SVA Ad was significantly correlated to the age (r = 0.488, P < 0.001), revealing a progressive anterior increase of the projection of the C7 marker with regards to the S1 marker (Figure 4).
Transversal plane: There was a non-significant negative correlation between APA-rom and age (r = -0.063, P = 0.71).
Sagittal plane: Results showed that flexion-extension moments at the lumbosacral junction were statistically correlated to age (r = 0.356, P = 0.003). In other words, mechanical sagittal constraints at the lumbosacral junction increase during growth. At the thoracolumbar junction, sagittal constraints were not significantly correlated to age (r = 0.189, P = 0.13, Figure 5).
Transversal plane: Results demonstrated that torsion moments at thoracolumbar and lumbosacral junctions were statistically correlated to age (r = -0.613 and r = -0.563, P = 0.0002 and P = 0.0006). In other words, transversal mechanical constraints at thoracolumbar and lumbosacral junctions decrease with age (Figure 6).
This study is the first to analyze spinal motion in children via gait analysis tool. Changes occur in spine motion in children with the acquisition of a mature gait even if dynamic parameters of the spine during growth seem to be established before the age of 3.

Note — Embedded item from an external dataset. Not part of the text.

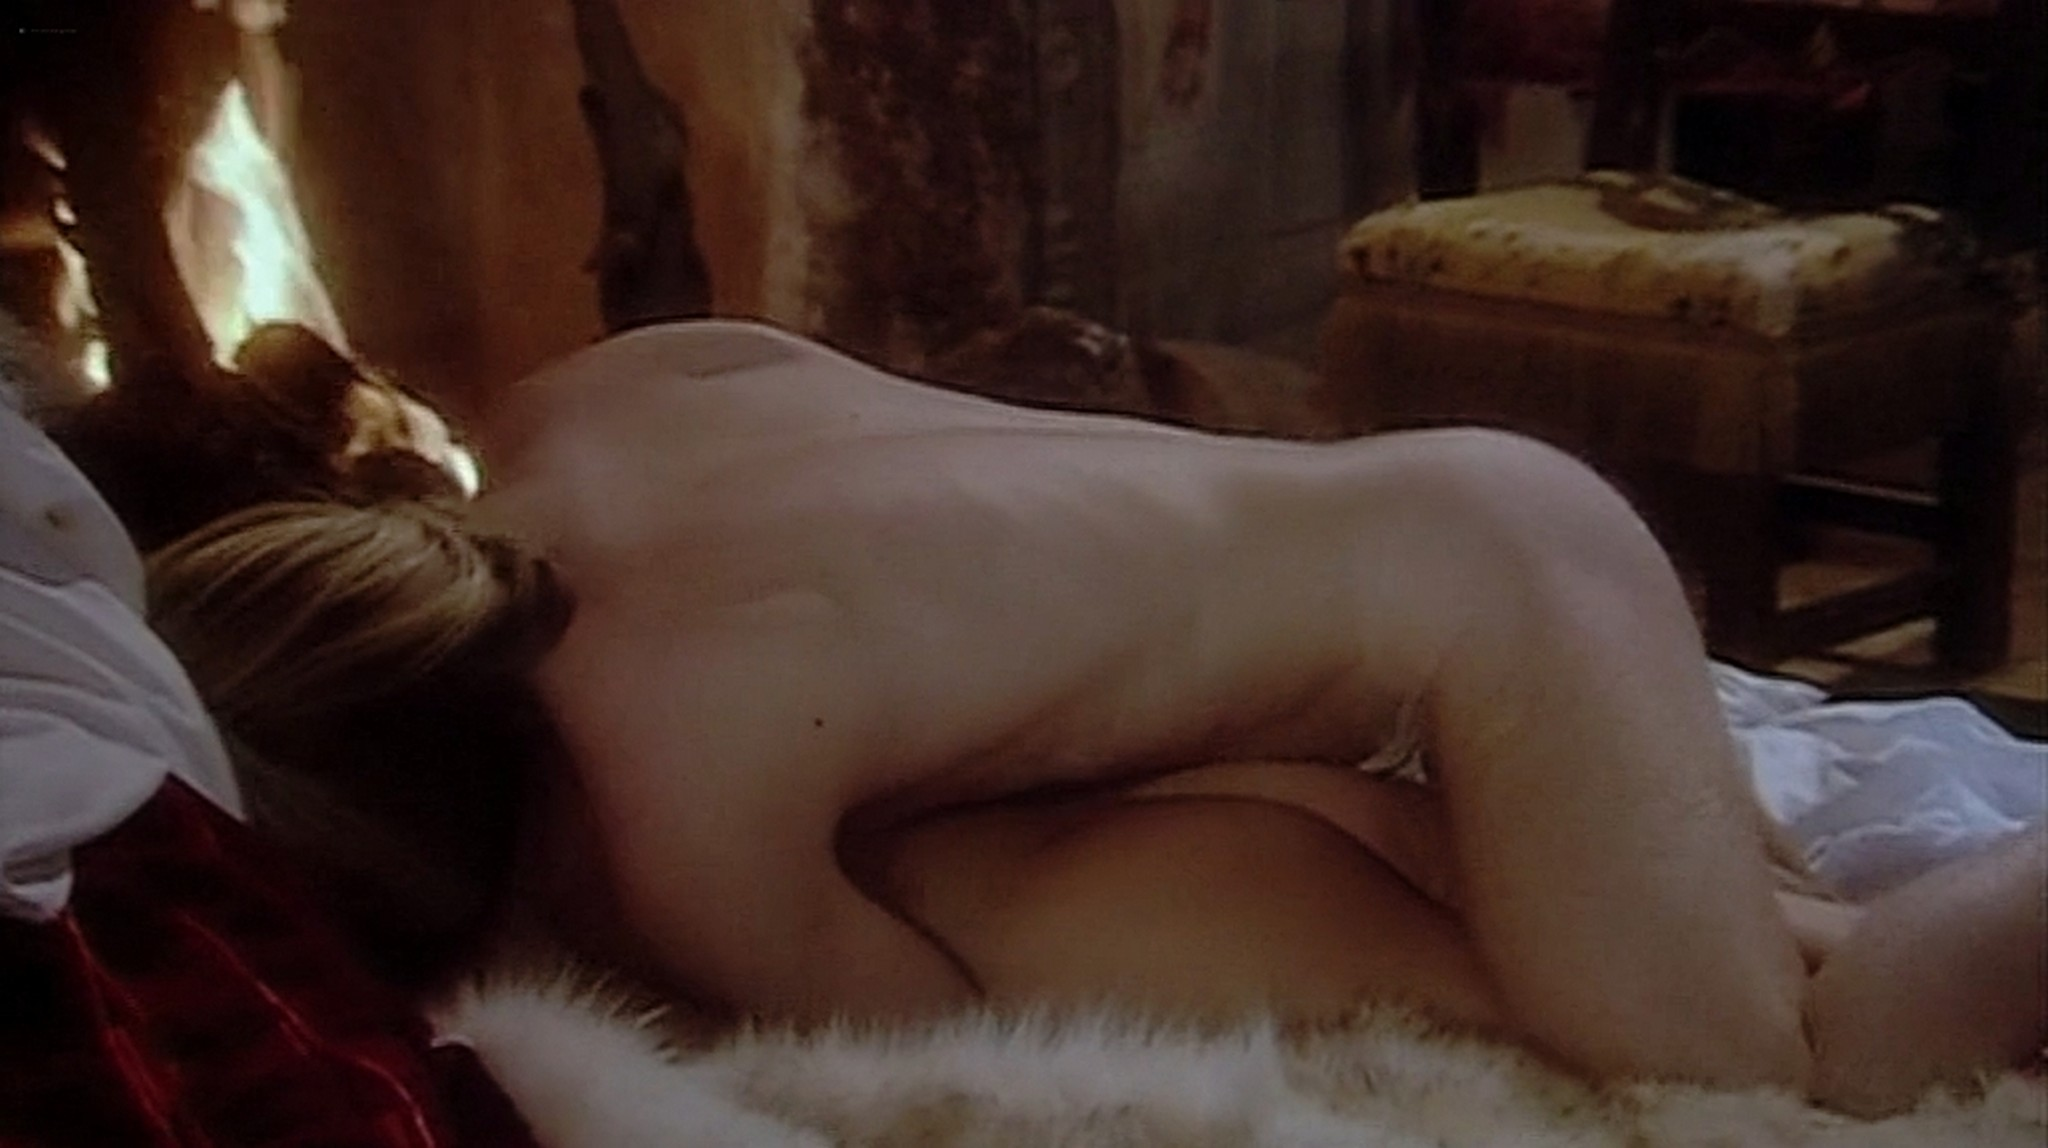 Laura Antonelli nude topless and sex Monica Guerritore nude topless and Clelia Rondinella nude lesbian sex La Venexiana 1986 DVDRip 13

So far, only few studies have studied dynamic development of the spine according to age via gait analysis[19]. The studies from Wagner et al[20] and Farfan[21] showed that the presence of a lumbar spinal curvature concave toward the back is a necessary biomechanical condition for a stable erect posture, enabling an economic muscular functioning despite the posterior position of the spine. Lumbar lordosis thus appears as being a fundamental prerequisite to bipedalism, explaining its early appearance during childhood. Parameters determining bipedalism are acquired very early during growth[21,22]. However, some skeletal parameters which are not involved in the acquisition of bipedalism are variable and change until the end of growth. Some of these parameters are even found to be genetically predetermined during fetal life. This is, for example, the case of the morphology of the femoral trochlea[23] or the lumbar lordosis[24], which are genetically predetermined in humans. Their early kinematic setting is an element explaining the ability to bipedalism.
The spine appears to be of fundamental importance in the adaptation of the skeleton to bipedalism and we can define a real “spinal motor of bipedalism”; the spine being the first skeletal element to adjust its posture and functioning to bipedalism as the main element of locomotion[25]. The lower limbs adapt secondarily, around the age of 7, with a progressive pelvic anteversion, a progressive extension of the hips and the knees, lately mature.
Some radiographic and morphologic studies have evaluated the development of spinal curvatures during growth[11,12]. These studies revealed that from the age of 3 years until skeletal maturity, there is a linear enhancement of the thoracic kyphosis and lumbar lordosis. According to us, these changes do not reflect the adaptation of the skeleton to bipedalism, but an adaptation to the major constraints applied to the trunk during growth. In other words, formation of overlying sagittal curvatures to the lumbar lordosis with the appearance of thoracic kyphosis and cervical lordosis is related to biomechanical adaptation to an increase of load on the spine.
Most of the parameters used in this study for kinematic analysis, such as SVA, were chosen according to previous works[18]. These parameters seemed to be good descriptors because they are the dynamic equivalent of radiographic parameters. Thoracic angle and lumbar angle were meant to be the equivalent of thoracic kyphosis and lumbar lordosis, which are 2 radiographic parameters used in clinical practice.
Results from this study suggest that the sagittal efforts applied on the spine increase significantly with age leading to increased flexion-extension constraints at the lumbosacral junction. This phenomenon can be explained by the accentuation of spinal curvatures with age as a response to the increased load on the spine, deporting the lumbar spine forward and thereby increasing the lever arm and the moment applied to the underlying lumbosacral junction.
With regards to the kinetic parameters in the transverse plane, our results showed a significant reduction in torsional constraints at the thoracolumbar and lumbosacral junctions during growth. Although lumbar lordosis is acquired from fetal life, the central maturation processes coordinating the acquisition of a mature gait for the lower limbs appear only around the age of 7. Before this turning point, the lower limbs do not have a mature kinematics allowing balance and stability for satisfactory and stable erect posture. These results are in line with the posturographic study from Peterson et al[7] who have shown that sensory systems ensuring a satisfactory balance for maintaining erect station were efficient only from the age of 12. Thus, the spine undergoes greater constraints to compensate this permanent balance research. Large constraints applied to the spine and their reduction with age are a sign of the compensation by the trunk of a lack of stability due to lower limbs and sensory system immaturity. Prior to the acquisition of a definitive and mature bipedalism, the trunk is fundamental for the possibility of early bipedalism.
Furthermore, the significant increase of SVA during growth could be related to the same conclusion. The low value of SVA in young children reflects the need to keep the shoulders over the pelvis to stabilize the erect posture. With maturation and the acquisition of a final biped balance, the subject is projected more forward, then changing the direction of the constraints on the spine from the transverse plane to the sagittal plane.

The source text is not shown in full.